What is Resampling and Cross-Validation?

Resampling

Resampling is very much what it sounds like - repeatedly drawing samples from a dataset and refitting a model on each sample. This helps with model assessment (evaluating a model’s performance) and model selection (selecting a model’s ideal level of felxibility).

Cross-Validation

We typically build a model using sample data, but our objective is to find a model that performs well on new data. Since we usually do not have access to new data we have to simulate it by splitting our sample dataset into a training set and a test set. We will build the model using the training set and evaluate its performance on the test set. In this case, the test set will be a substitute for new data.

Validation Set Method

The Validation Method is the simplest approach. We randomnly divide the dataset into two parts, training and test, and use the MSE (mean squared error) to evaluate model performance. It is easy to implement, but it has two main problems

MSE can vary widely based on the random split.
We fit the model to a subset of data. Models tend to perform worse when trained on fewer observations.

Validation Set Example

> #Validation Set Approach
> library(ISLR) #load library for data
> library(knitr) #load library for table formmatting
> library(kableExtra) #load library for table formmatting
> 
> set.seed(1) #make random number generator replicable
> train=sample(392,196) #create random subset of 196 out of 392
> 
> # I will be using the Auto dataset
> kable(head(Auto)) %>%
+   kable_styling(bootstrap_options = c("striped","condensed"), 
+   full_width = F, font_size = 10, position = "left")%>%
+   row_spec(0,background="#E6E6FA") #format and display first 6

mpg	cylinders	displacement	horsepower	weight	acceleration	year	origin	name
18	8	307	130	3504	12.0	70	1	chevrolet chevelle malibu
15	8	350	165	3693	11.5	70	1	buick skylark 320
18	8	318	150	3436	11.0	70	1	plymouth satellite
16	8	304	150	3433	12.0	70	1	amc rebel sst
17	8	302	140	3449	10.5	70	1	ford torino
15	8	429	198	4341	10.0	70	1	ford galaxie 500

I first created a random sample of 196 out of 392 to be used with the Auto dataset.

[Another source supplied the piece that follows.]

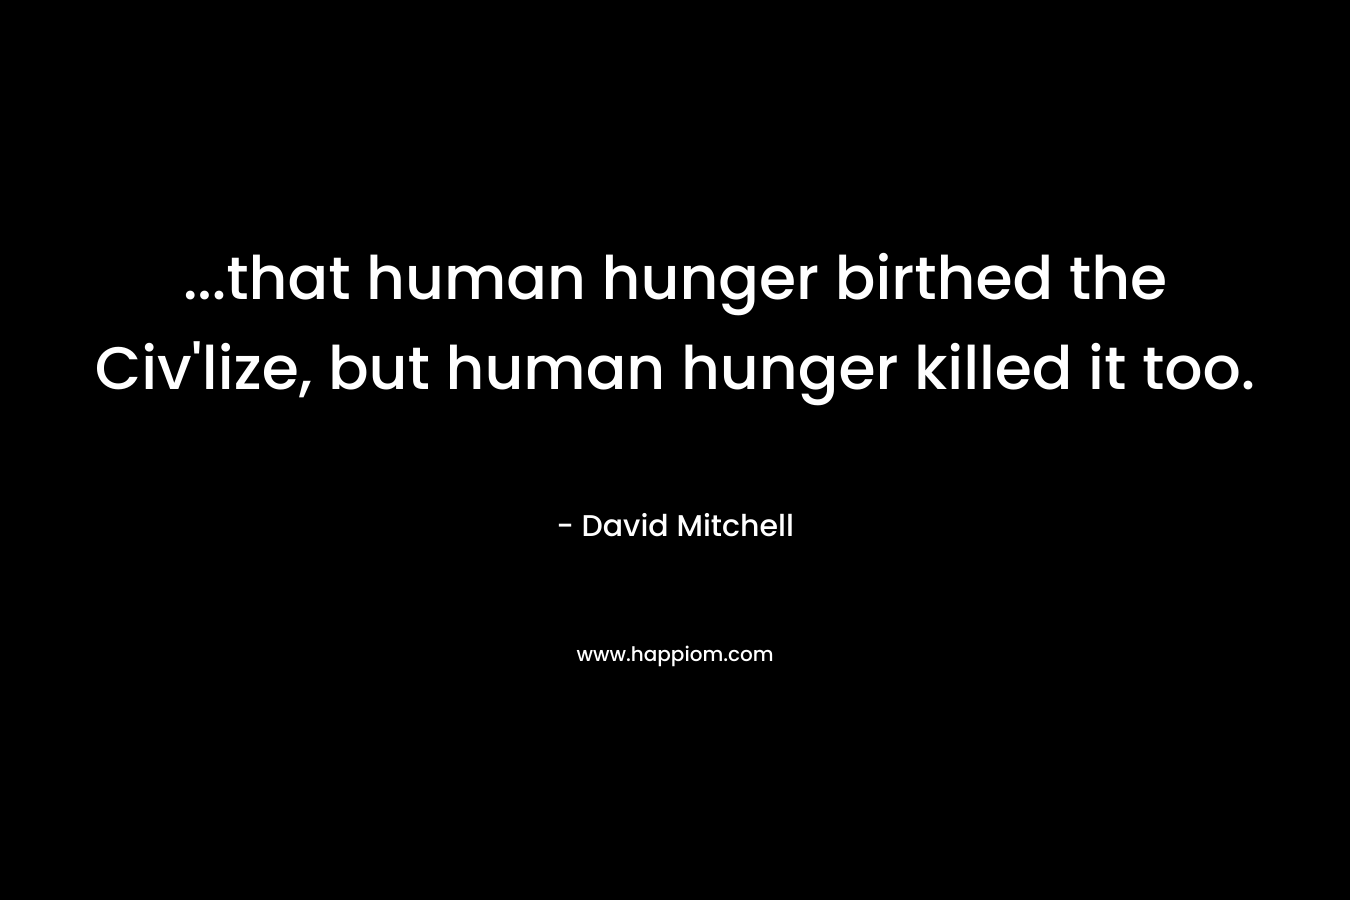 …that human hunger birthed the Civ’lize, but human hunger killed it too. – David Mitchell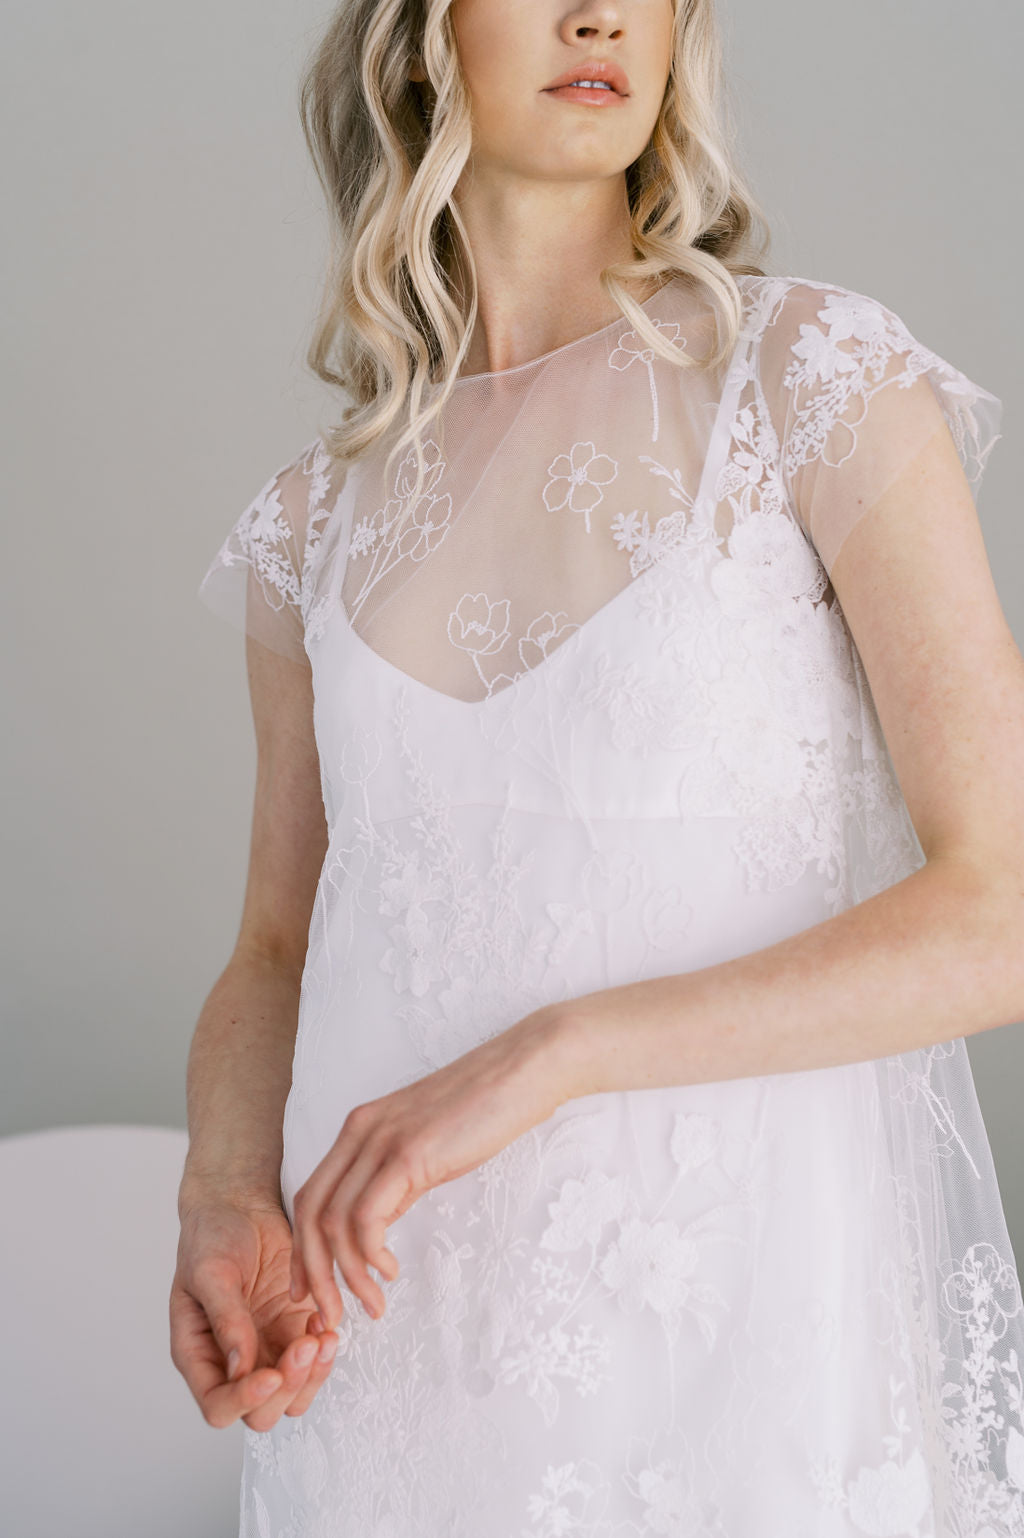 Knee length cotton botanical lace wedding dress. A line with cap sleeves and crepe slip. Handmade by Catherine Langlois, Toronto, Canada.

> #fit model with sample of 196
> lm.fit=lm(mpg~horsepower,data=Auto,subset=train) 
> 
> #Use the predict function to estimate the response for 
> #all 392 observations
> #Calculate the squared error for observations not in the #training set (-train)
> #Use the mean function to calculate the Mean Squared Error (MSE)
> 
> MSEvs <- mean((Auto$mpg-predict(lm.fit,Auto))[-train]^2)
> MSEvs

[1] 23.26601

I then fit a linear regression with mpg as the dependent variable and horsepower as the independent variable, using the random subset or training set.

We can then use the test set to compare the actual mpg values to the predicted values. We arrive at an MSE value of 23.2660086.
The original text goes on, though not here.